**Try it:**
Copy without pictures. Please restate each line of the listing exactly.

======== Supplied information ========

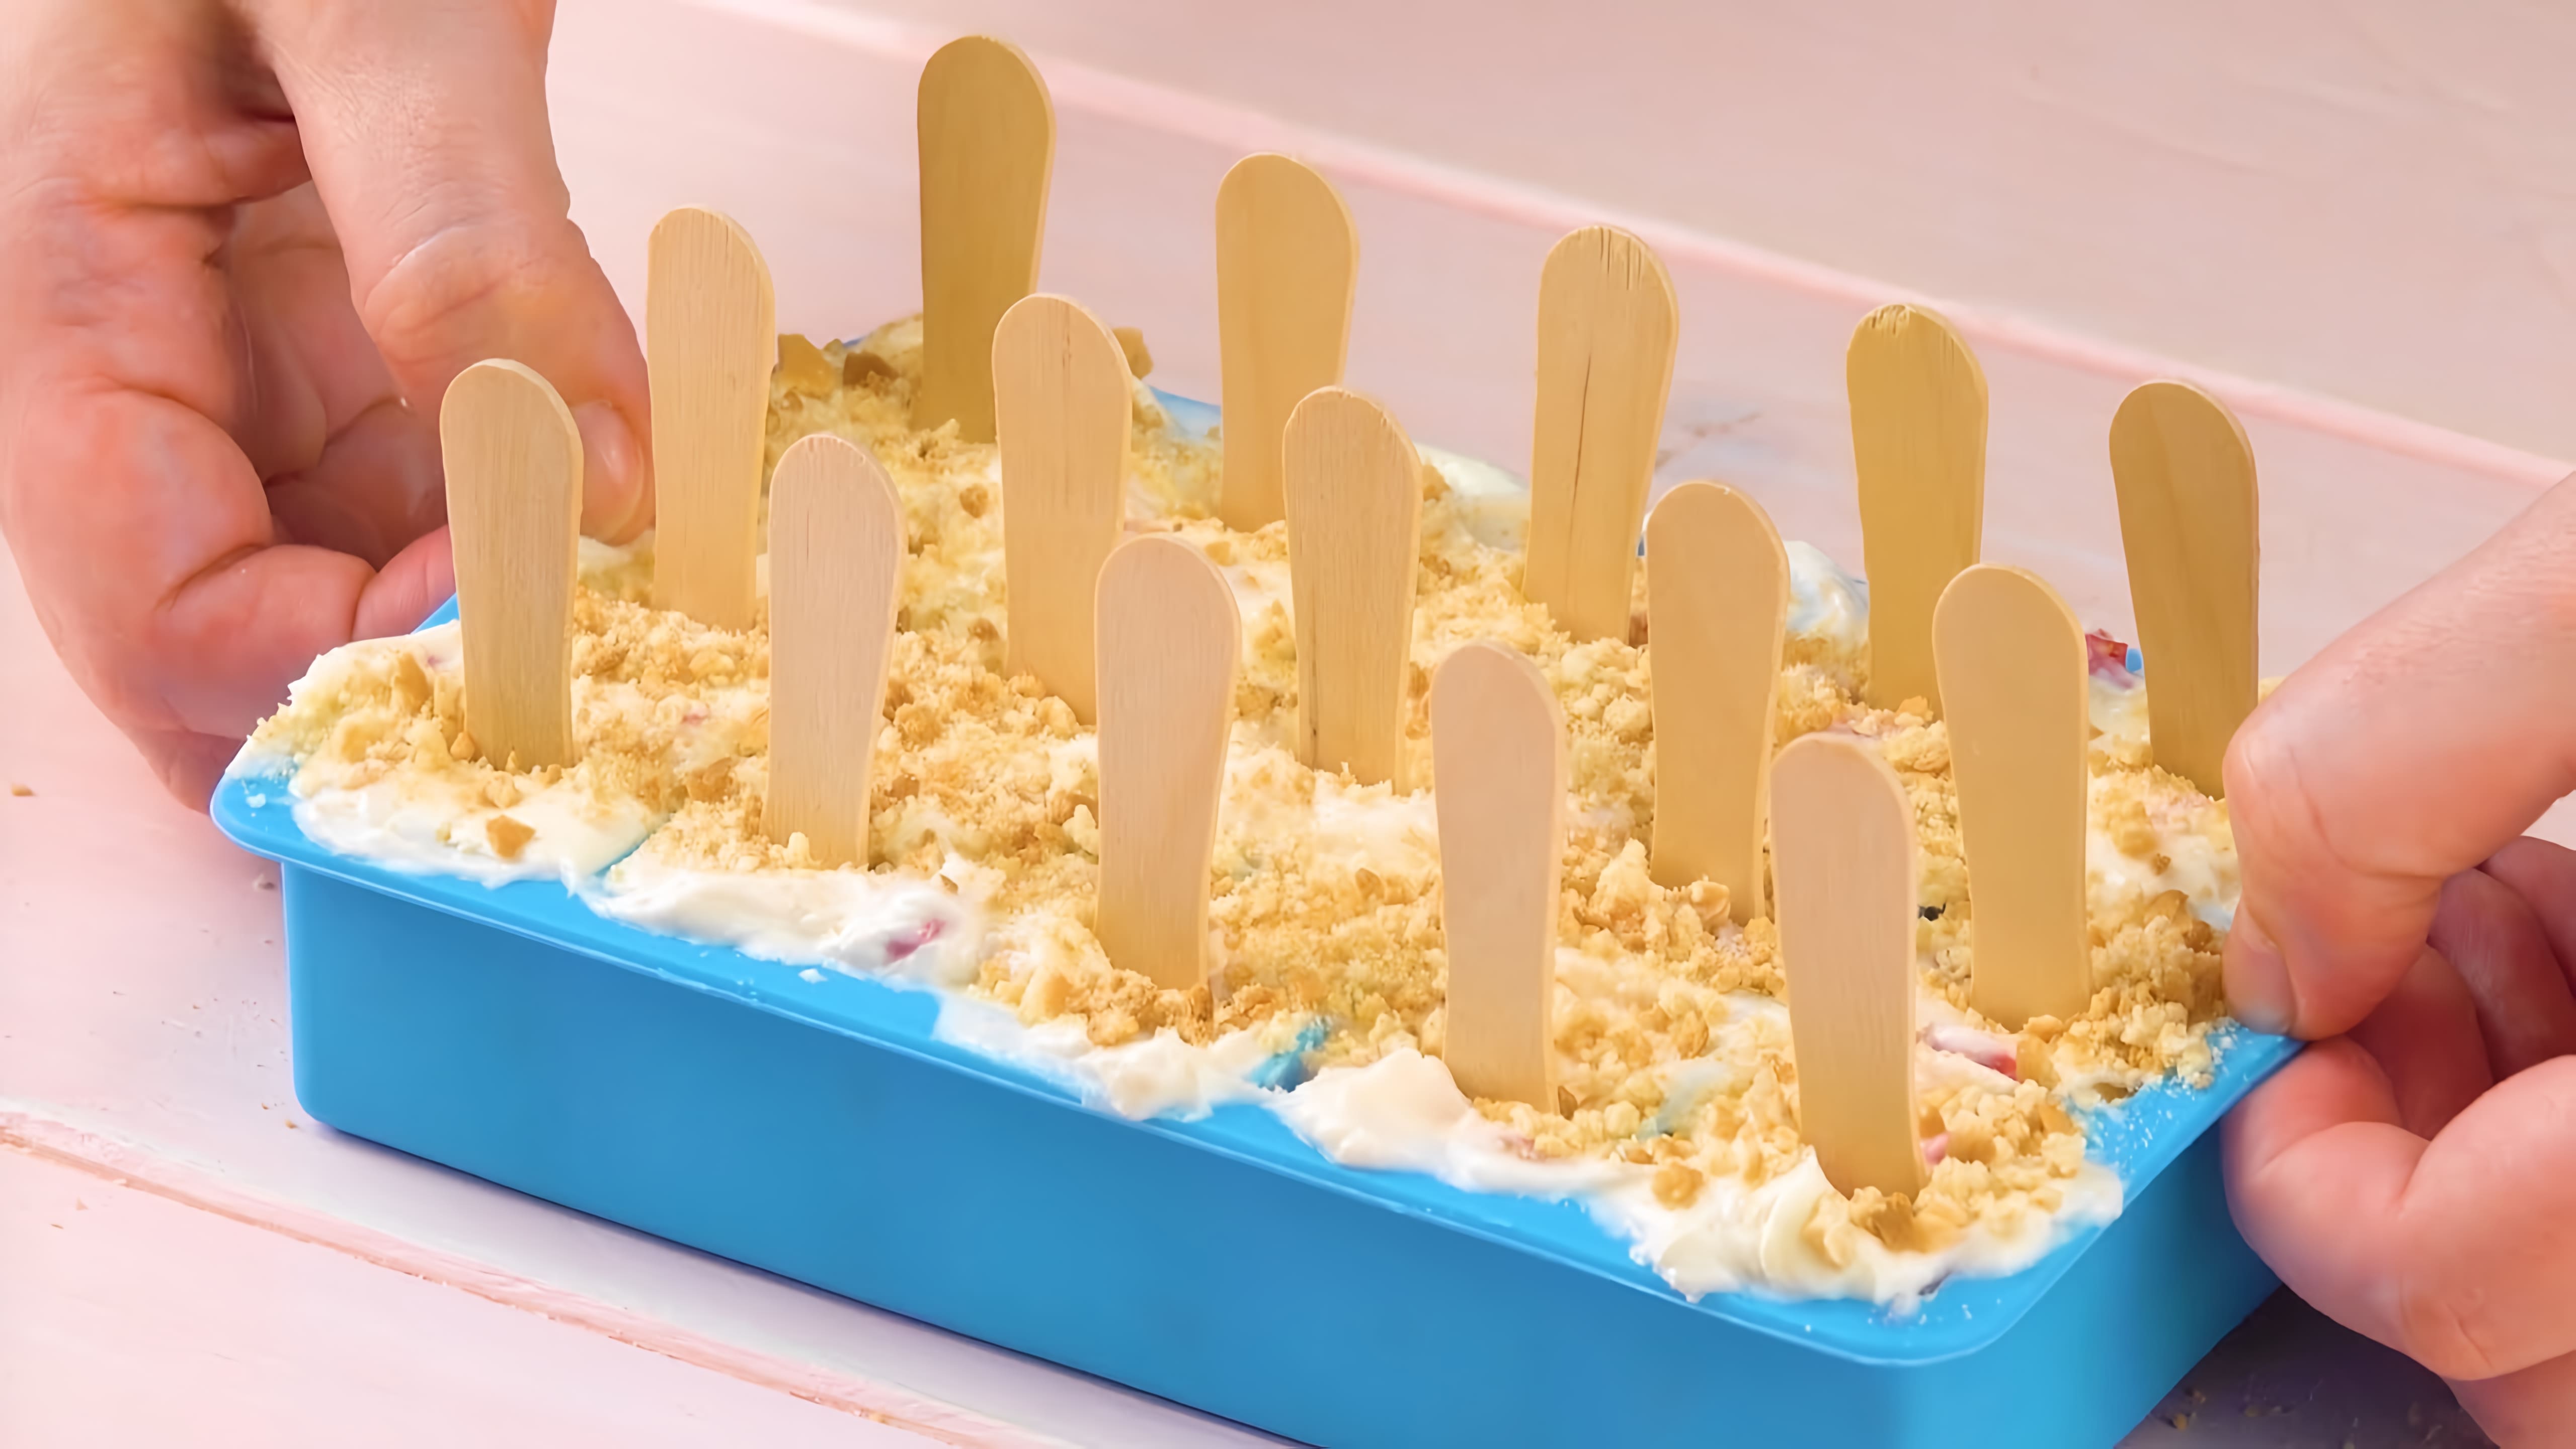 Видео: Готовим роскошные угощения с помощью морозилки. Супер-идеи!
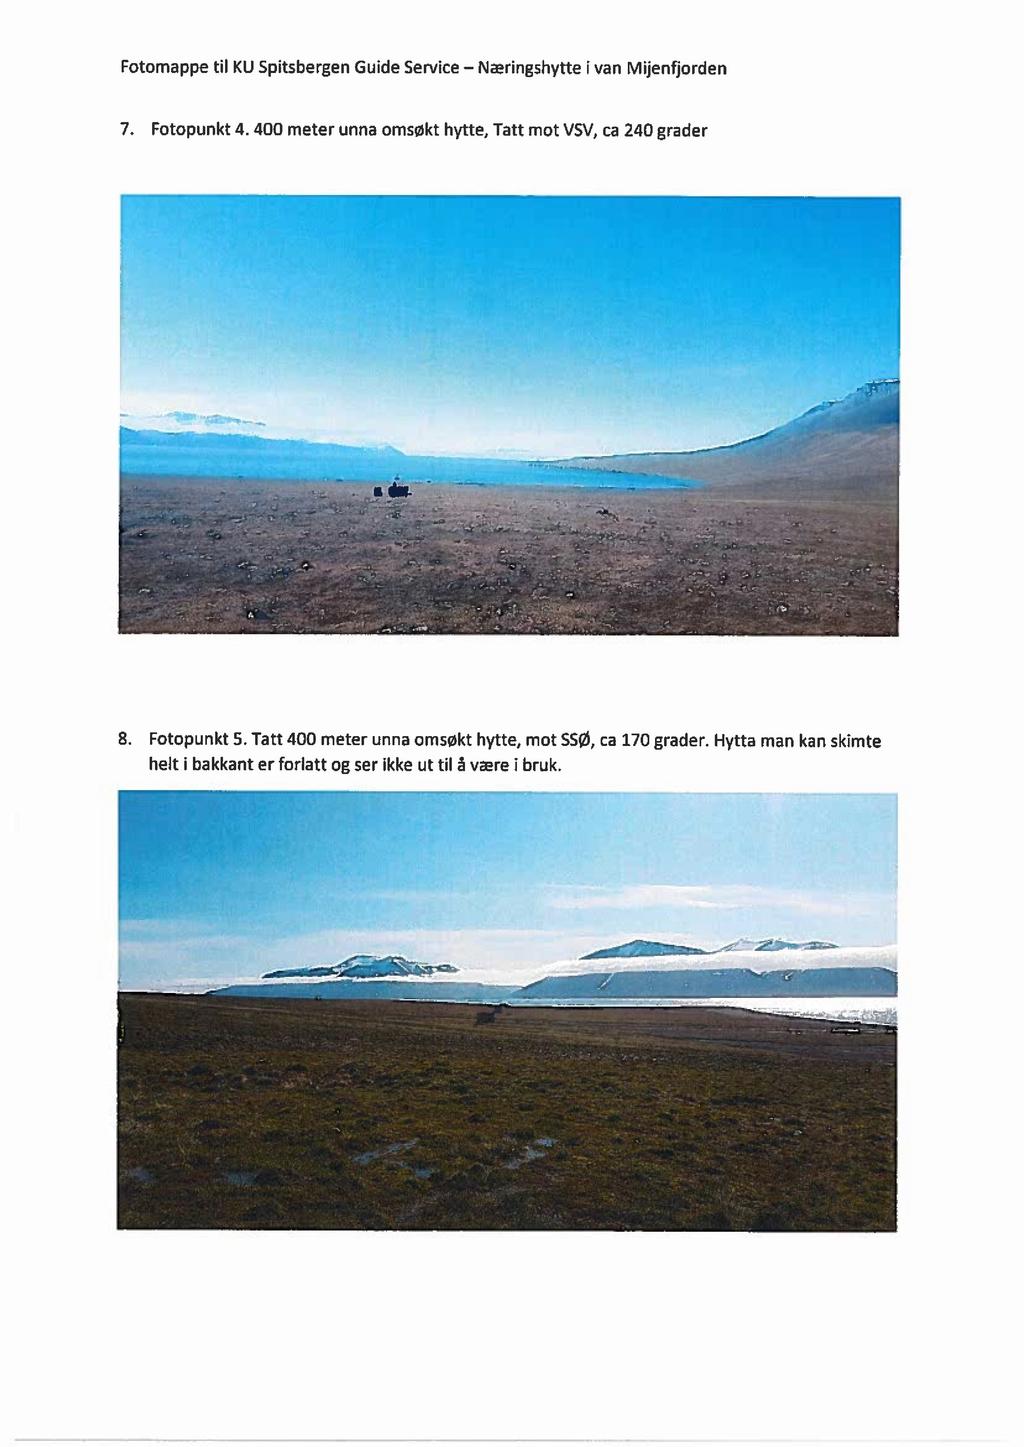 Fotomappe til KU Spitsbergen Guide Service - Næringshytte i van Mijenfiorden 7. Fotopunkt 4. 400 meter unna omsøkt hytte, Tatt mot VSV, ca 240 grader g: ytt '..ad..i *.1, '_ 1? _ ' "1. l - ; --"-.L.
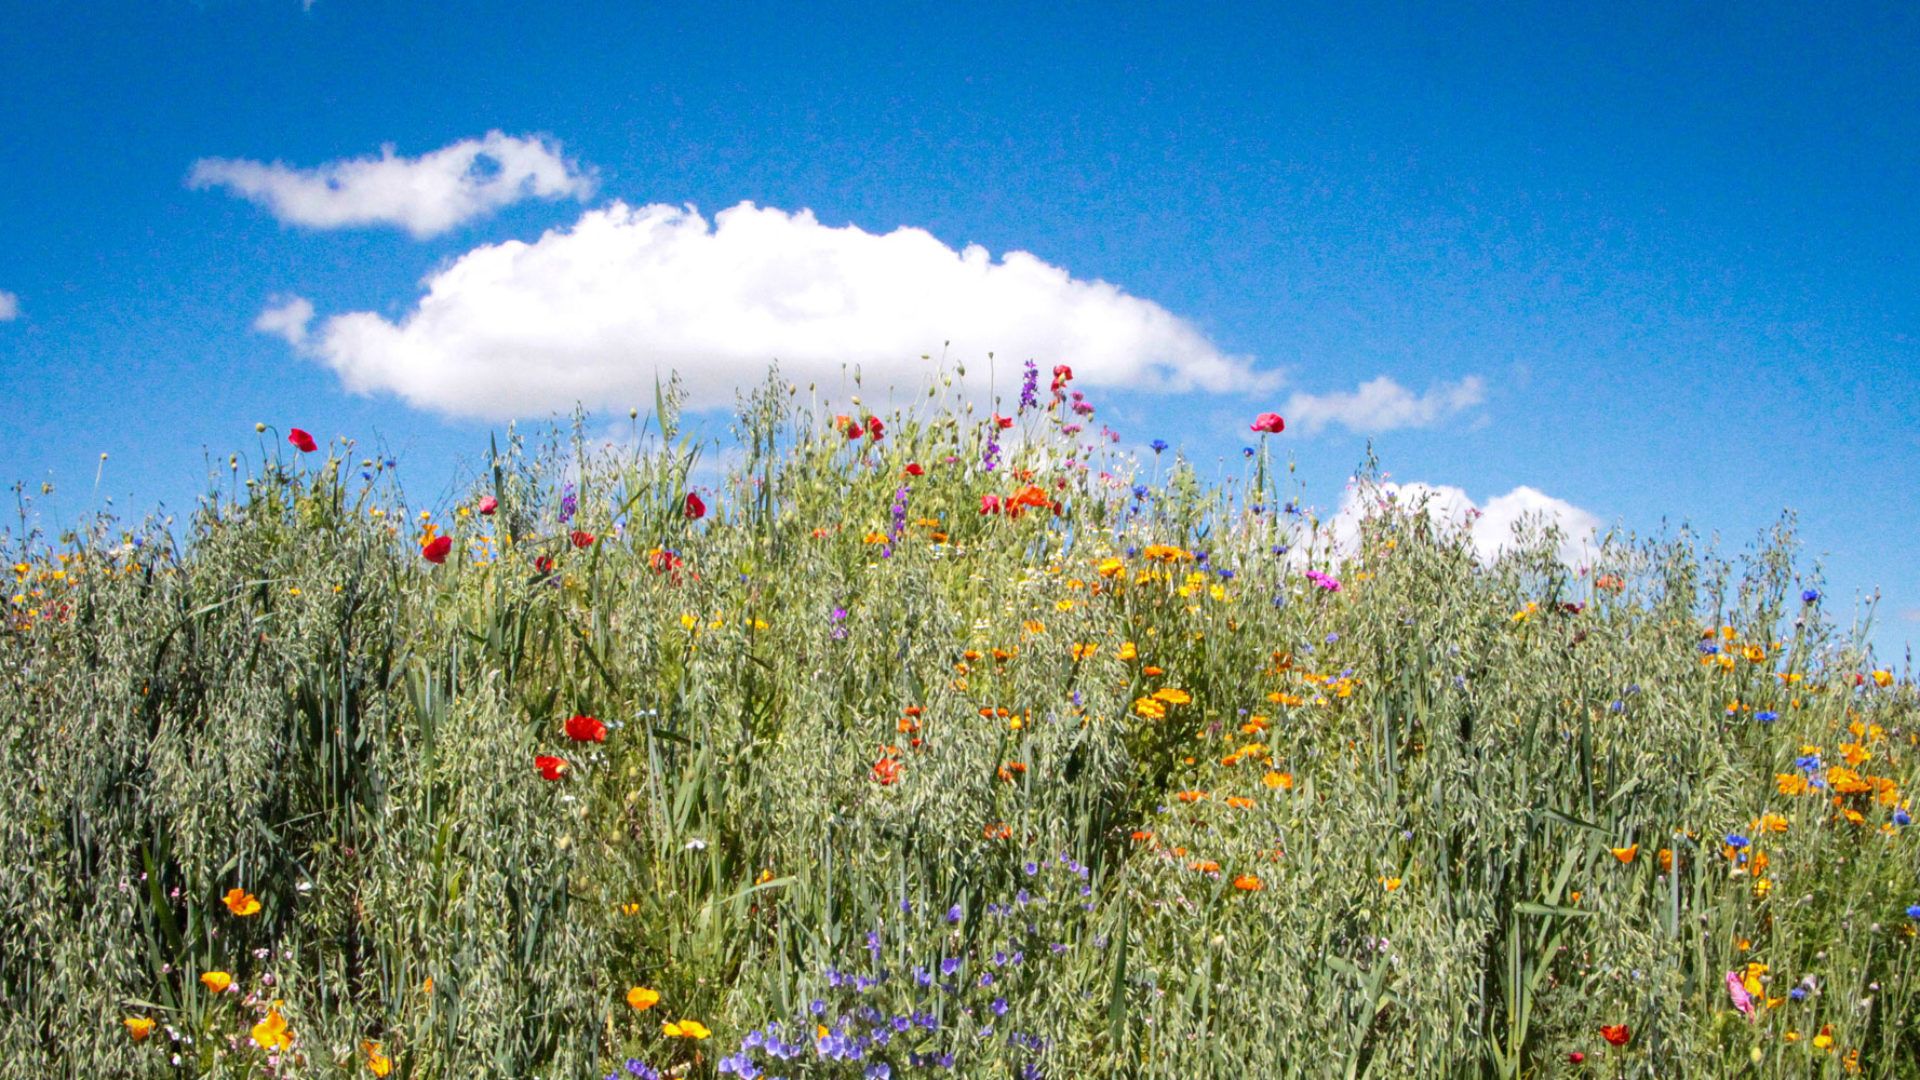  Blumenwiese Hintergrundbild 1920x1080. Was ist regenerative Landwirtschaft? Konzepte auf FarmTicker

========

**Result below:**
 Видео: Готовим роскошные угощения с помощью морозилки. Супер-идеи!
 Fotomappe til KU Spitsbergen Guide Service - Næringshytte i van Mijenfiorden 7. Fotopunkt 4. 400 meter unna omsøkt hytte, Tatt mot VSV, ca 240 grader g: ytt '..ad..i *.1, '_ 1? _ ' "1. l - ; --"-.L.
  Blumenwiese Hintergrundbild 1920x1080. Was ist regenerative Landwirtschaft? Konzepte auf FarmTicker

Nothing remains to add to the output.